RPI axe could be ‘seismic’ for pension schemes
Pension consultancy Barnett Waddingham has warned that the potential axing of the RPI inflation measure by the government could have ‘seismic’ implications for pension schemes.
In Budget papers yesterday, the government confirmed it would go ahead with consultation on whether to align RPI with CPIH and when this would happen between 2025 and 2030.
The move has been mooted for some years.

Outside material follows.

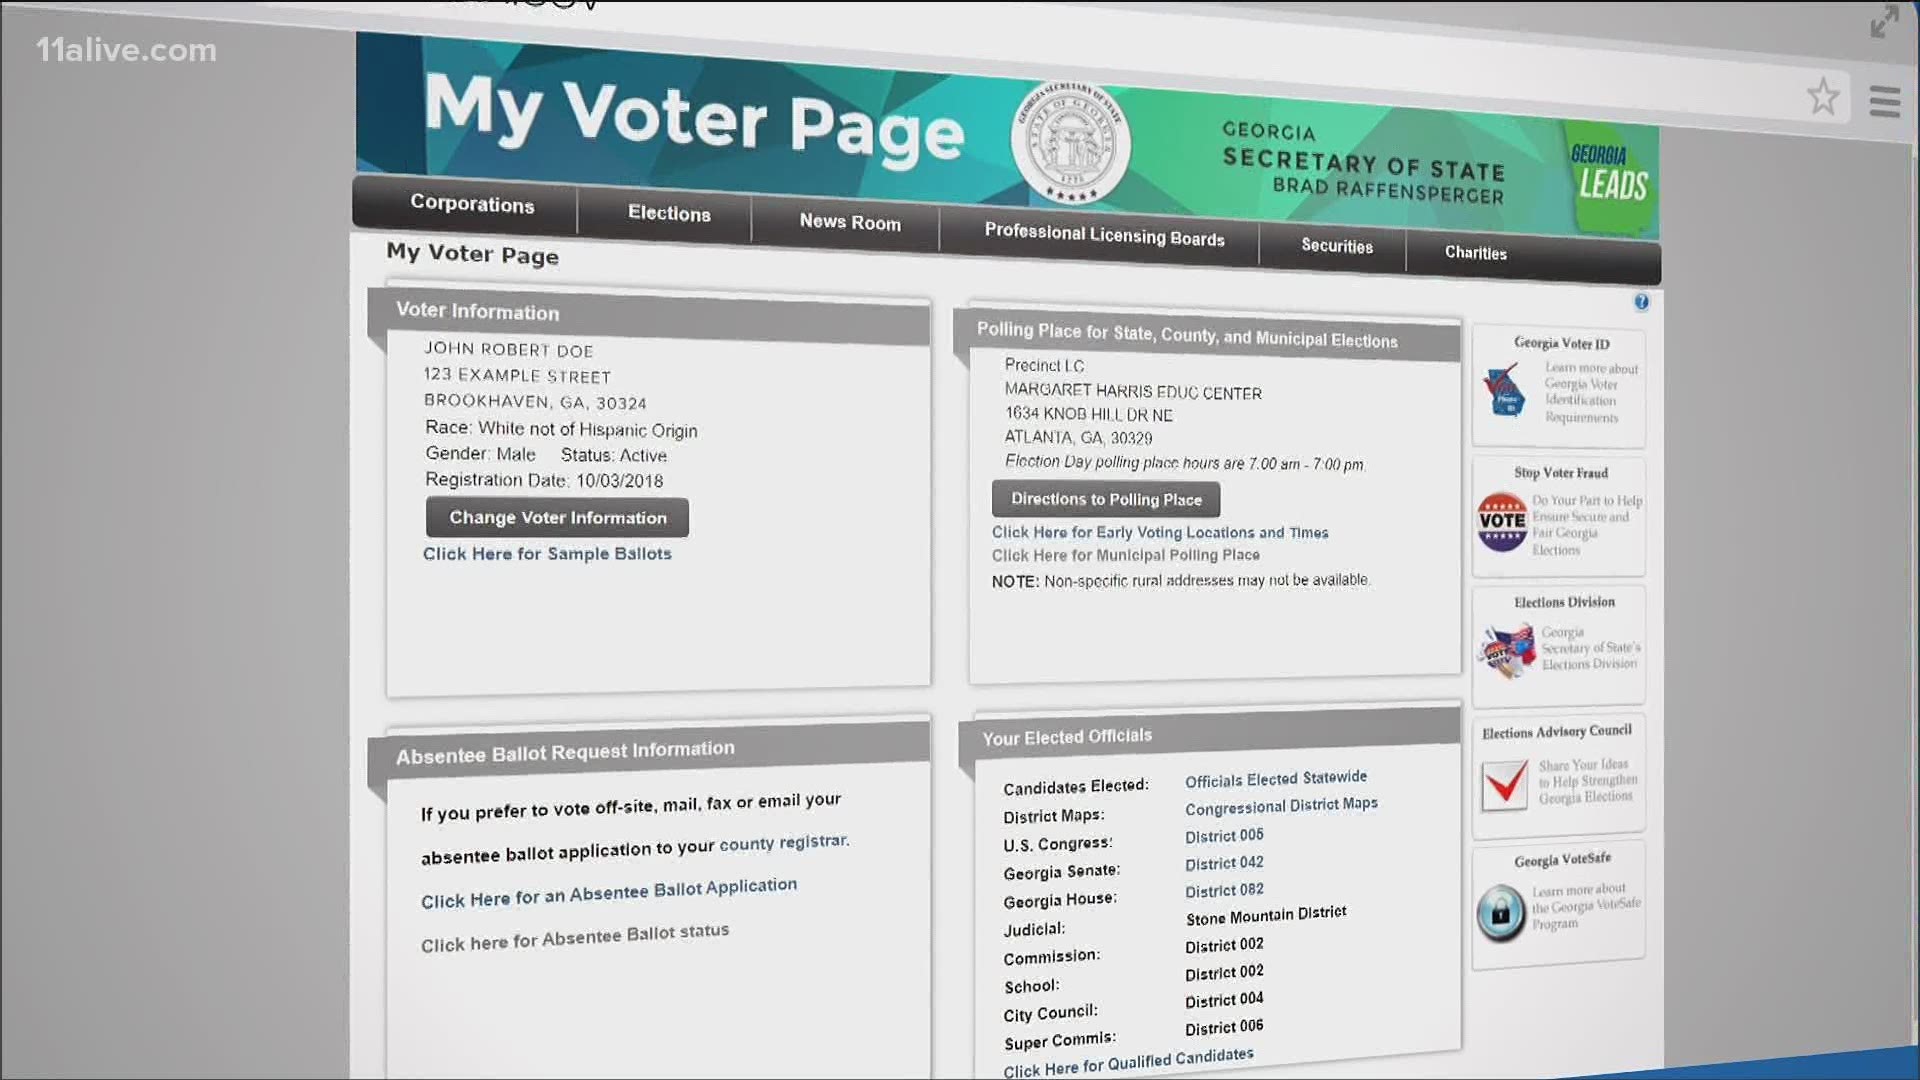 The state is urging everyone to check their registration status before Monday's deadline.

RPI has been seen as a dated measure of inflation for some time although many pension schemes still use it to calculate annual increases for pensions.
RPI is generally higher than CPIH so means higher pension increases for scheme pensioners.

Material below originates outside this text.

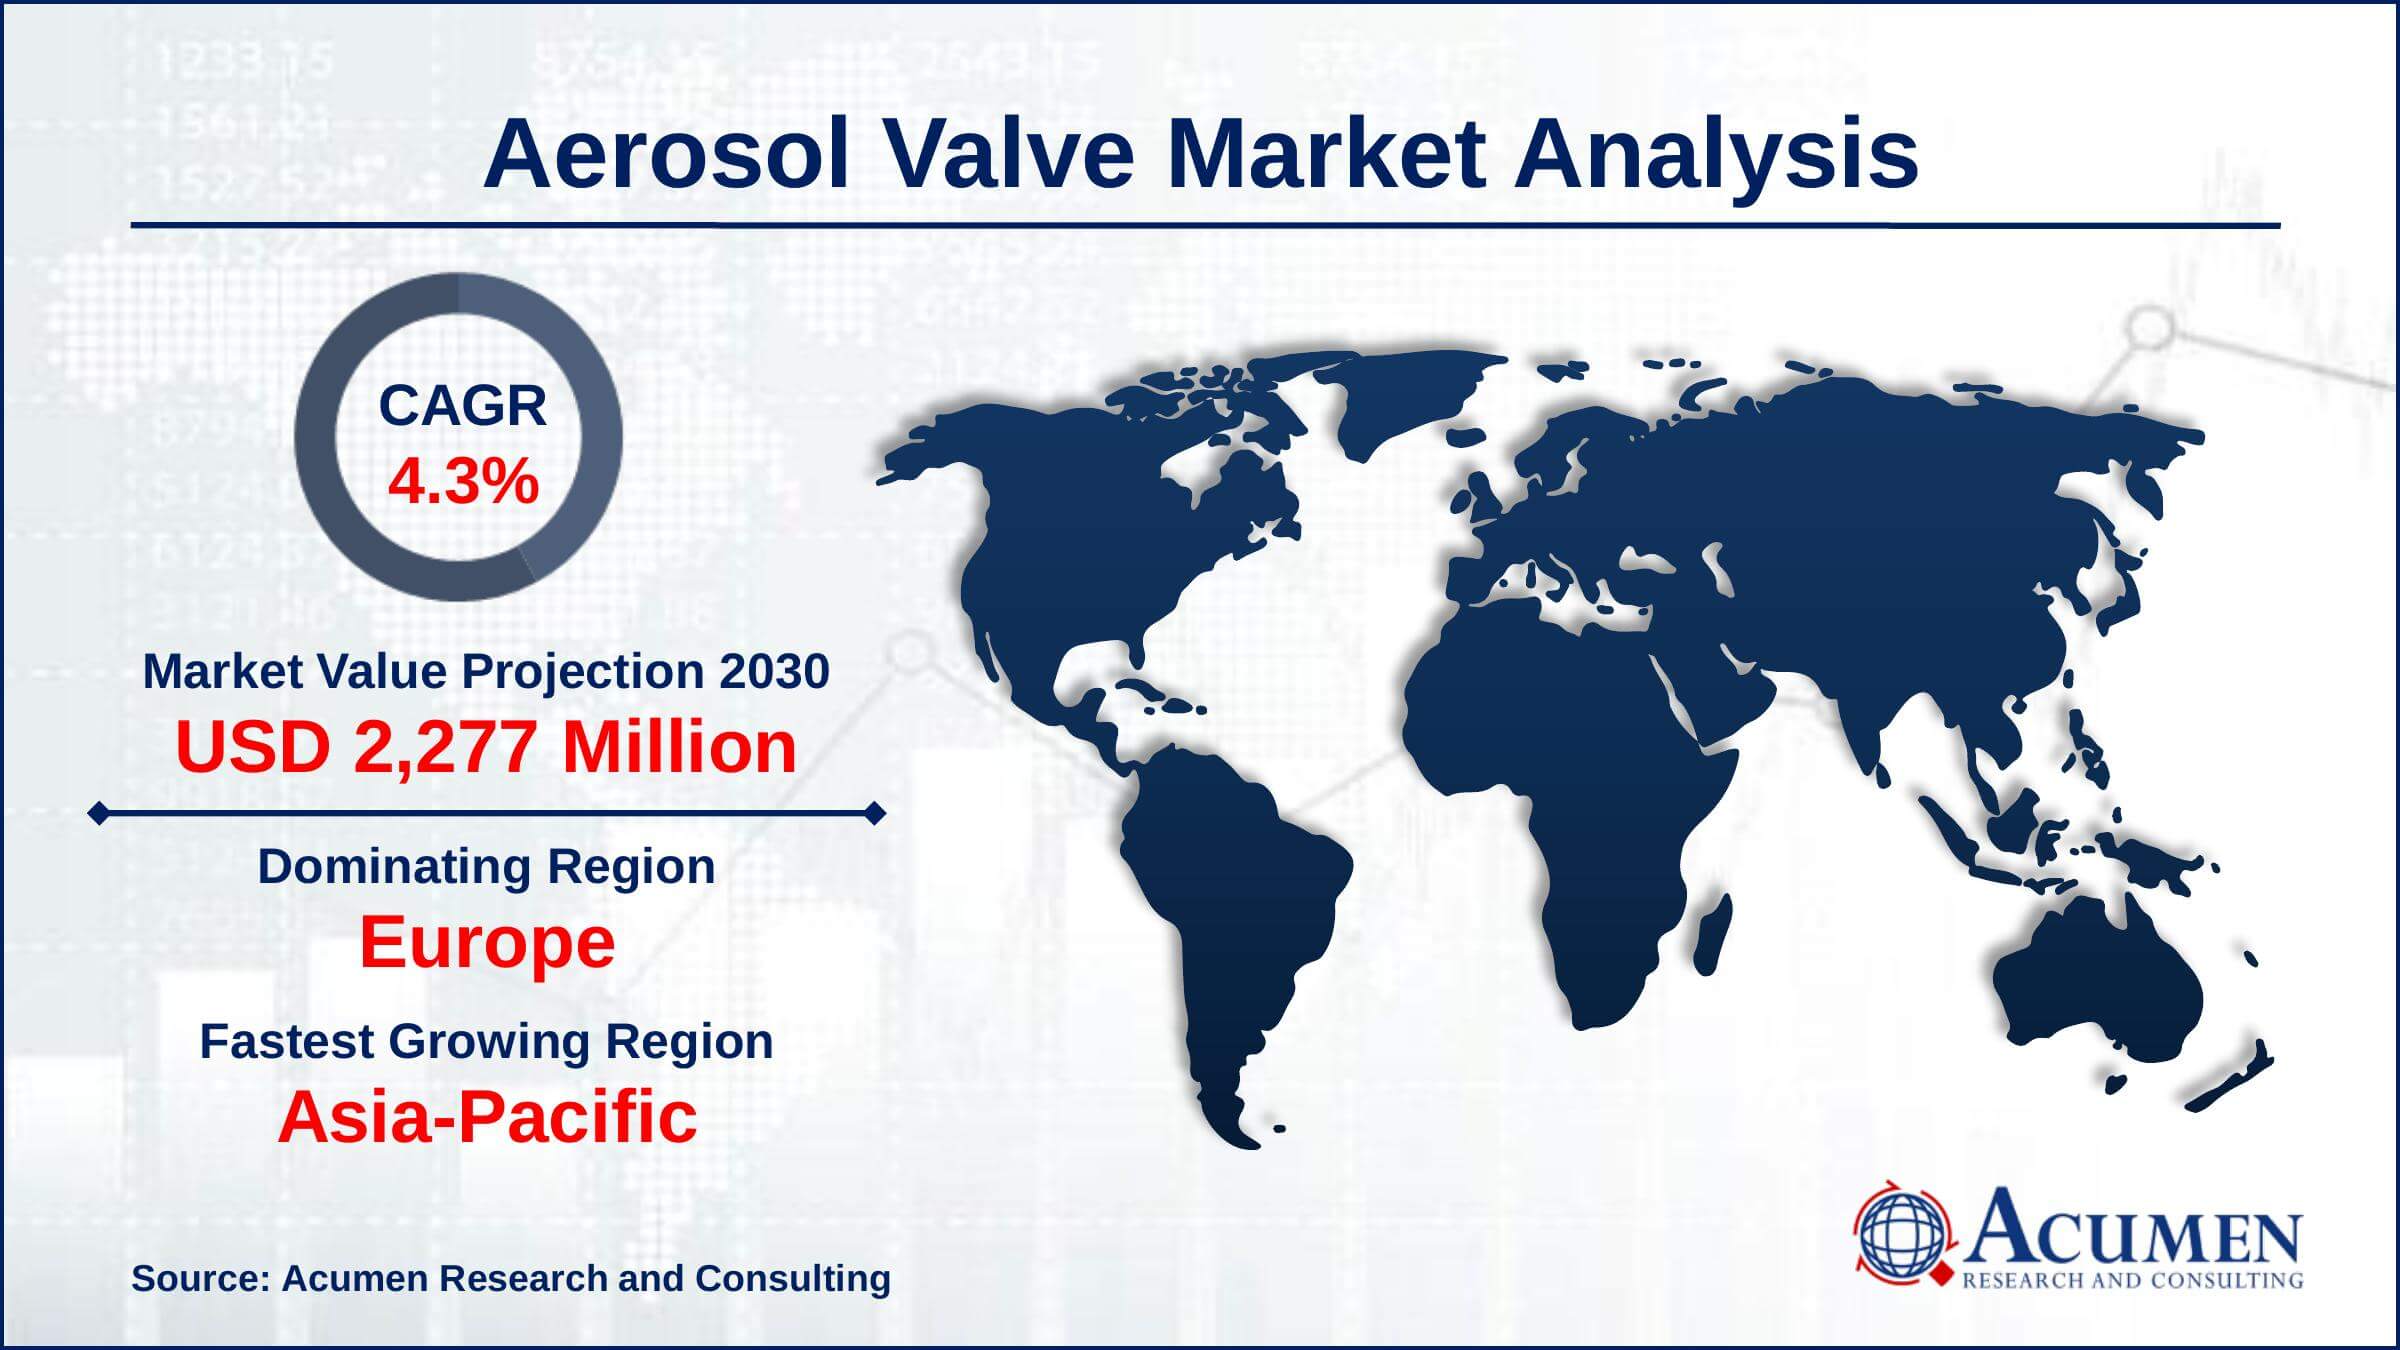 Europe aerosol valve market share accounted for over 37% of total market shares in 2021

However, as the axe for RPI moves a step closer BW has warned that if the Government goes ahead and aligns RPI with CPIH (CPI plus Housing Costs) it will cut the value of any RPI-linked assets held in pensions.
Typically CPIH is 1% lower than RPI so RPI-linked pension assets are worth more.

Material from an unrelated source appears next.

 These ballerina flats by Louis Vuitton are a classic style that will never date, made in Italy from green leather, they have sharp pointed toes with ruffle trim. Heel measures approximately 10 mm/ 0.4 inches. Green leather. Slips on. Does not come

BW says the value of RPI-linked assets could fall “significantly” if they are aligned to CPIH rather than RPI.
This could happen under the Government’s plans if CPIH and RPI are aligned with each other meaning the RPI rate would be the same as CPIH.
BW also points out that many schemes use RPI-linked assets to hedge CPI-linked liabilities and as a consequence schemes with CPI-linked liabilities may see a significant reduction in their funding levels - possibly by 10% or more
The firm says that over recent years many pension schemes have been advised to hedge inflation risks and the worst hit schemes are likely to be those using RPI-linked assets to hedge CPI-linked liabilities.
Assuming a 1% yearly fall in the future inflation measure, Barnett Waddingham’s analysis suggests that these schemes could see a fall in their funding levels as high as 12%.
Ian Mills, principal and senior investment consultant at Barnett Waddingham, said: “This consultation may seem arcane and technical, but it could have seismic implications for all UK defined benefit pension schemes.
“The Government runs the risk of punishing those who have been prudent, with a well-funded and well-risk-managed scheme, whereas those that have left risks unmanaged could be rewarded.
“All trustees should analyse their own inflation risks, quantifying their CPI/RPI ratio to understand how exposed they are to this change.”
“This isn’t just about making sure the pension schemes are compensated – it’s about making sure the pensioners are.”